The judge looked blankly at Yael while his clerk whispered in his ear. After some moments, the bey spoke.
“Permission refused,” he said.
Seconds later, before Yael had time to gather her wits, the young man had been thrust facedown on the floor of the courtroom, his knees bent and feet raised to the ceiling, held in position by a wooden contraption fitted around his ankles. His piteous cries increased as he called on Allah for mercy. Two men, each of whom looked almost as poor as the accused, began with leather whips to thrash the soles of the man’s feet, taking turns to deliver the lashes.
Fearing she might faint at the awful sound of leather whipping through the air, the man’s screams, Yael sat down. He was calling not on his god but on his mother, weeping like a child. Yael made herself watch, observing the contemptuous expressions of the men doing the whipping, the apparent detachment of the bey, now taking a cup of coffee. She had been unable to help the man by preventing the barbarous punishment, she told herself, blinking back tears that were as much of rage as of pity. She would not shirk her Christian duty to bear witness to it.
The man’s feet turned first red then purple then raw, like steak meat. Trickles of red ran down his ankles, the ends of the whips grew crimson, and the cracked floor tiles became smeared with blood mixed into the dust. The cries grew less frequent. At the point where she feared he must die, the man let fall from his mouth a small silver coin. One of the policemen snatched it up, wiped it on his gown, and laid it on the table before the bey.

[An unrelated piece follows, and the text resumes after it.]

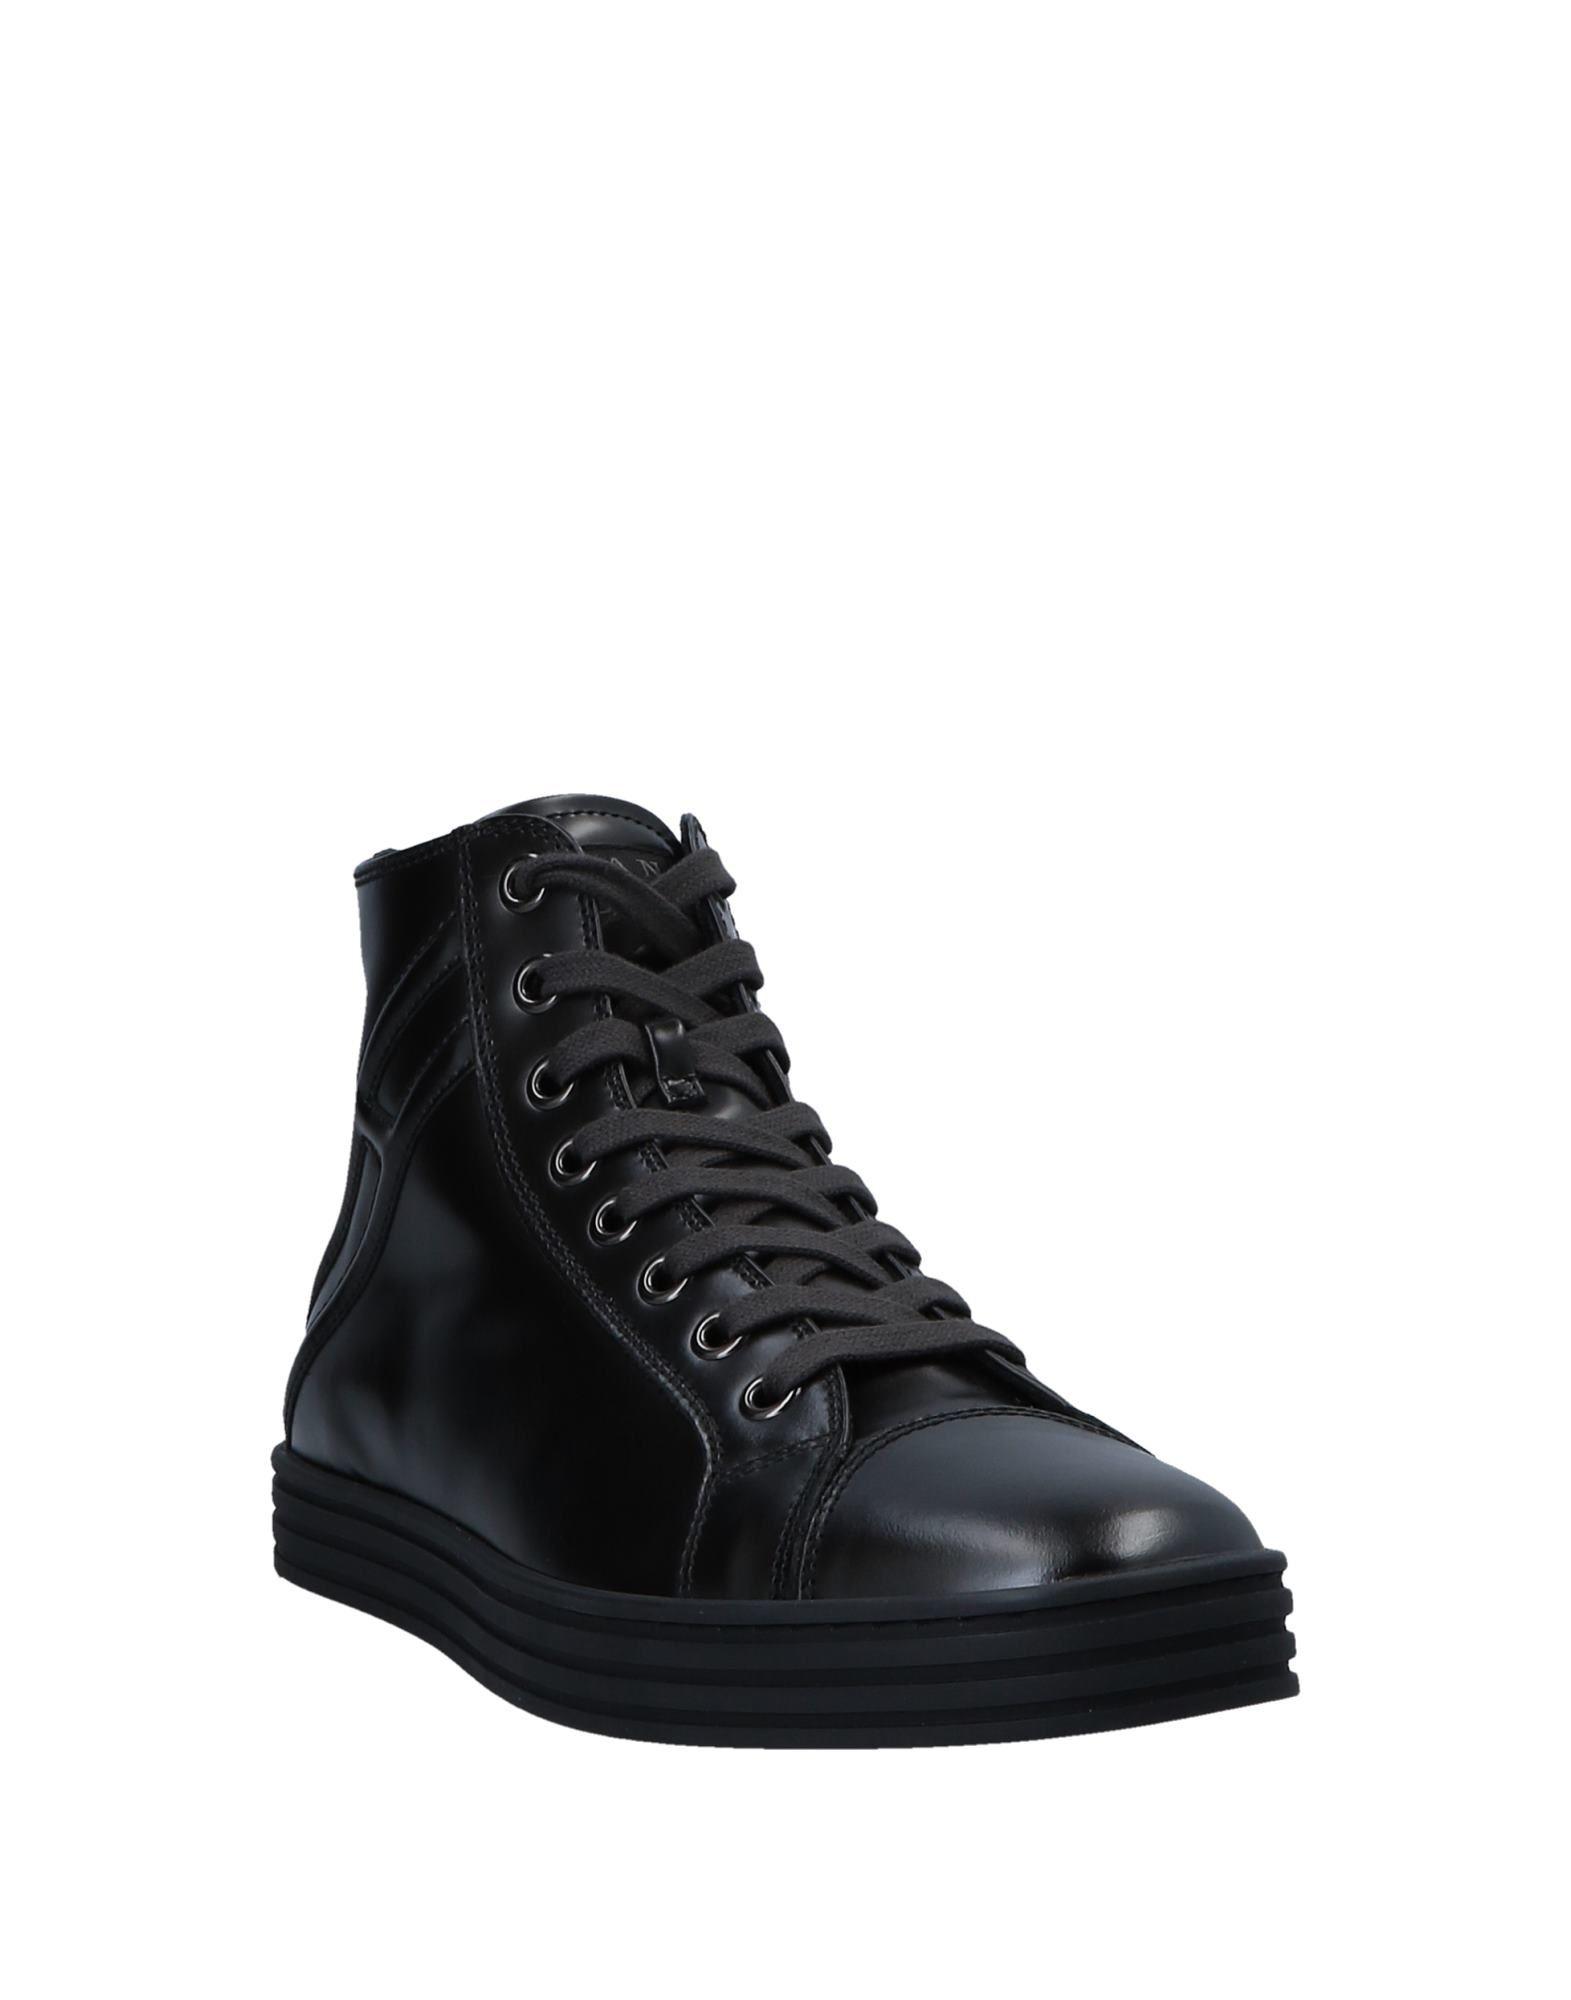 Hogan Rebel Sneakers Herren  Schuhe 11560028DW Gute Qualität beliebte Schuhe  715c6b

The man’s eyes were closed, his body motionless. Yael kept her own eyes on him until he was carried from the room like a corpse.
THIRTY-SEVEN
Harriet sat on a folding canvas chair. She had her scarf wrapped around her head, one end of it covering her mouth and nose. The smell in the tomb was not as overpoweringly strong as it had seemed on her first visit but the air was dusty. Working on a sheet of cartridge paper on a drawing board, by the light of a lamp tied to a stick propped against the wall of the tomb, she was copying the painting of the Lady of the Two Lands.